Work item:
In the listing below, the lines starting with the line with "Smile Cupcake cute floral pastel" and going on through the line with "Good Company Sofa, 3" are to be reproduced exactly, and only those.

Data in this exercise:
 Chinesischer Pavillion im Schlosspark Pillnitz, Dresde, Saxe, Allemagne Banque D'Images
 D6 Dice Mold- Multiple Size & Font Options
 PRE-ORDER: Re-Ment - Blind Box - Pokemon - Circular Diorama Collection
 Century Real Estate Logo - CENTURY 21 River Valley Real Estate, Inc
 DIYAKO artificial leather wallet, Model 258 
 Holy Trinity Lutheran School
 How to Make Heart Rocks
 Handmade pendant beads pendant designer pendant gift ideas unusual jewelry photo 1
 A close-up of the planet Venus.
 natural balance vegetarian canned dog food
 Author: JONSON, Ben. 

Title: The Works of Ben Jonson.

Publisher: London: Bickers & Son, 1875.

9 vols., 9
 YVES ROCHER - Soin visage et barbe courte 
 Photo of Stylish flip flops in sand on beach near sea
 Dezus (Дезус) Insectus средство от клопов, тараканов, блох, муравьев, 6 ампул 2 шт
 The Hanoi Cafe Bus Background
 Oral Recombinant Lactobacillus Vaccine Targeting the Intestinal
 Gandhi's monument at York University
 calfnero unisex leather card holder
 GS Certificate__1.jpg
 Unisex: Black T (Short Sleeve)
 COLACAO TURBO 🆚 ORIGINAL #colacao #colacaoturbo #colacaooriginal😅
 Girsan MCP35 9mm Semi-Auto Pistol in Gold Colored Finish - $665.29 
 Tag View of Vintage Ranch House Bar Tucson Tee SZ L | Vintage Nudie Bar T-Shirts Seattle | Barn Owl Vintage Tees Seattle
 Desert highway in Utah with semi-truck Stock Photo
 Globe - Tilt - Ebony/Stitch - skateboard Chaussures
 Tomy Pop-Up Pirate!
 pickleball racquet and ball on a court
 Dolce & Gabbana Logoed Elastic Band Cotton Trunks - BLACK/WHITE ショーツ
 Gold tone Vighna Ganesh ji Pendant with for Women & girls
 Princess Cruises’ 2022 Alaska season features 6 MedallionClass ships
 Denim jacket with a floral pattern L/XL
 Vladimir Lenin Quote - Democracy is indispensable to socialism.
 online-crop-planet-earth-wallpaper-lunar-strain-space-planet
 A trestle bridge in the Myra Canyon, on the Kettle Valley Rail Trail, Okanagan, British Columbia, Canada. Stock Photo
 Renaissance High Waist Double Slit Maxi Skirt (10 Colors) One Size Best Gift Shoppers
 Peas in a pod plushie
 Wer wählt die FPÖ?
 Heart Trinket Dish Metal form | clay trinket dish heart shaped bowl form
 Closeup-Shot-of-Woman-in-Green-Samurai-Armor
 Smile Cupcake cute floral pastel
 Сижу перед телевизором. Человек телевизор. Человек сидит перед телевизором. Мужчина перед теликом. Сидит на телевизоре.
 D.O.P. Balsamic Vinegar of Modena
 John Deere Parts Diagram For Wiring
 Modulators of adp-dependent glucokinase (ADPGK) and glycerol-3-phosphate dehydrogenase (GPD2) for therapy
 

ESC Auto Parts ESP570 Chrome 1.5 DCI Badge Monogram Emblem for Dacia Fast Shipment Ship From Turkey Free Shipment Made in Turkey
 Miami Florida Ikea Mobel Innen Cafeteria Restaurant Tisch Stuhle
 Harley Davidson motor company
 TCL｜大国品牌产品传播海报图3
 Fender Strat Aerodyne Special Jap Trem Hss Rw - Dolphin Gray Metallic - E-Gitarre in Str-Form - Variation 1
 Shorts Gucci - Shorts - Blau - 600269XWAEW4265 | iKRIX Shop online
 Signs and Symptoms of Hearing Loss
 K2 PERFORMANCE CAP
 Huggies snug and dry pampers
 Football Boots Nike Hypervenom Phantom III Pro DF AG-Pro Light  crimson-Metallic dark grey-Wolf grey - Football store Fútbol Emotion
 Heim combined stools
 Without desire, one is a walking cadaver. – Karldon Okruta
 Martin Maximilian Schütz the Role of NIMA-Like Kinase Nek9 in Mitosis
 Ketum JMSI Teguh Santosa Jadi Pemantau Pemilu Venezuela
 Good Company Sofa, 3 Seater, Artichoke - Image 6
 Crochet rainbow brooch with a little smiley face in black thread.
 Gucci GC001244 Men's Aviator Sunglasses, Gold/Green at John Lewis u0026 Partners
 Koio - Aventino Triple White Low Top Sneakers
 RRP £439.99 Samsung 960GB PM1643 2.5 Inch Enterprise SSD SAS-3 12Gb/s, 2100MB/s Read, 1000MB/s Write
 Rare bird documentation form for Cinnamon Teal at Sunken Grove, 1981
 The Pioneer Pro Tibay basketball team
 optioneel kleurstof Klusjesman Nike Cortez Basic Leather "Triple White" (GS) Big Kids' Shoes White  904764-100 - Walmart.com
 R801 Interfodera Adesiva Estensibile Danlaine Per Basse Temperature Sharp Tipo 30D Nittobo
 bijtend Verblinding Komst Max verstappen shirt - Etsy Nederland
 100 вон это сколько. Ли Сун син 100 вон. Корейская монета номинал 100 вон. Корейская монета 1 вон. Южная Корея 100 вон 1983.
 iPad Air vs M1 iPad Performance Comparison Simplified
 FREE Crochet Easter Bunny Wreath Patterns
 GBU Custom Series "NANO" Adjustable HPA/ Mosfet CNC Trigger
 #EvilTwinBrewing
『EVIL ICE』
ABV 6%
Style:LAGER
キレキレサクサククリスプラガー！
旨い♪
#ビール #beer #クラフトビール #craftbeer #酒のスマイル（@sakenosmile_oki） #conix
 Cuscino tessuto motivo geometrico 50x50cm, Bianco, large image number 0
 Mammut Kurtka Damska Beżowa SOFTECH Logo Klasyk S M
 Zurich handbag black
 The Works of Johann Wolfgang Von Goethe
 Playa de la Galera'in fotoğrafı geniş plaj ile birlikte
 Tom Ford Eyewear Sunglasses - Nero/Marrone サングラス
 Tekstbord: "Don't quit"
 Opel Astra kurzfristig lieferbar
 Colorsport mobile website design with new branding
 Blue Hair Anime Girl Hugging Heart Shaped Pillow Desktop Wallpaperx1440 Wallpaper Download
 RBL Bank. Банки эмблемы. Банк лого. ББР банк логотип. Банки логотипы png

Result of the task:
 Smile Cupcake cute floral pastel
 Сижу перед телевизором. Человек телевизор. Человек сидит перед телевизором. Мужчина перед теликом. Сидит на телевизоре.
 D.O.P. Balsamic Vinegar of Modena
 John Deere Parts Diagram For Wiring
 Modulators of adp-dependent glucokinase (ADPGK) and glycerol-3-phosphate dehydrogenase (GPD2) for therapy
 

ESC Auto Parts ESP570 Chrome 1.5 DCI Badge Monogram Emblem for Dacia Fast Shipment Ship From Turkey Free Shipment Made in Turkey
 Miami Florida Ikea Mobel Innen Cafeteria Restaurant Tisch Stuhle
 Harley Davidson motor company
 TCL｜大国品牌产品传播海报图3
 Fender Strat Aerodyne Special Jap Trem Hss Rw - Dolphin Gray Metallic - E-Gitarre in Str-Form - Variation 1
 Shorts Gucci - Shorts - Blau - 600269XWAEW4265 | iKRIX Shop online
 Signs and Symptoms of Hearing Loss
 K2 PERFORMANCE CAP
 Huggies snug and dry pampers
 Football Boots Nike Hypervenom Phantom III Pro DF AG-Pro Light  crimson-Metallic dark grey-Wolf grey - Football store Fútbol Emotion
 Heim combined stools
 Without desire, one is a walking cadaver. – Karldon Okruta
 Martin Maximilian Schütz the Role of NIMA-Like Kinase Nek9 in Mitosis
 Ketum JMSI Teguh Santosa Jadi Pemantau Pemilu Venezuela
 Good Company Sofa, 3 Seater, Artichoke - Image 6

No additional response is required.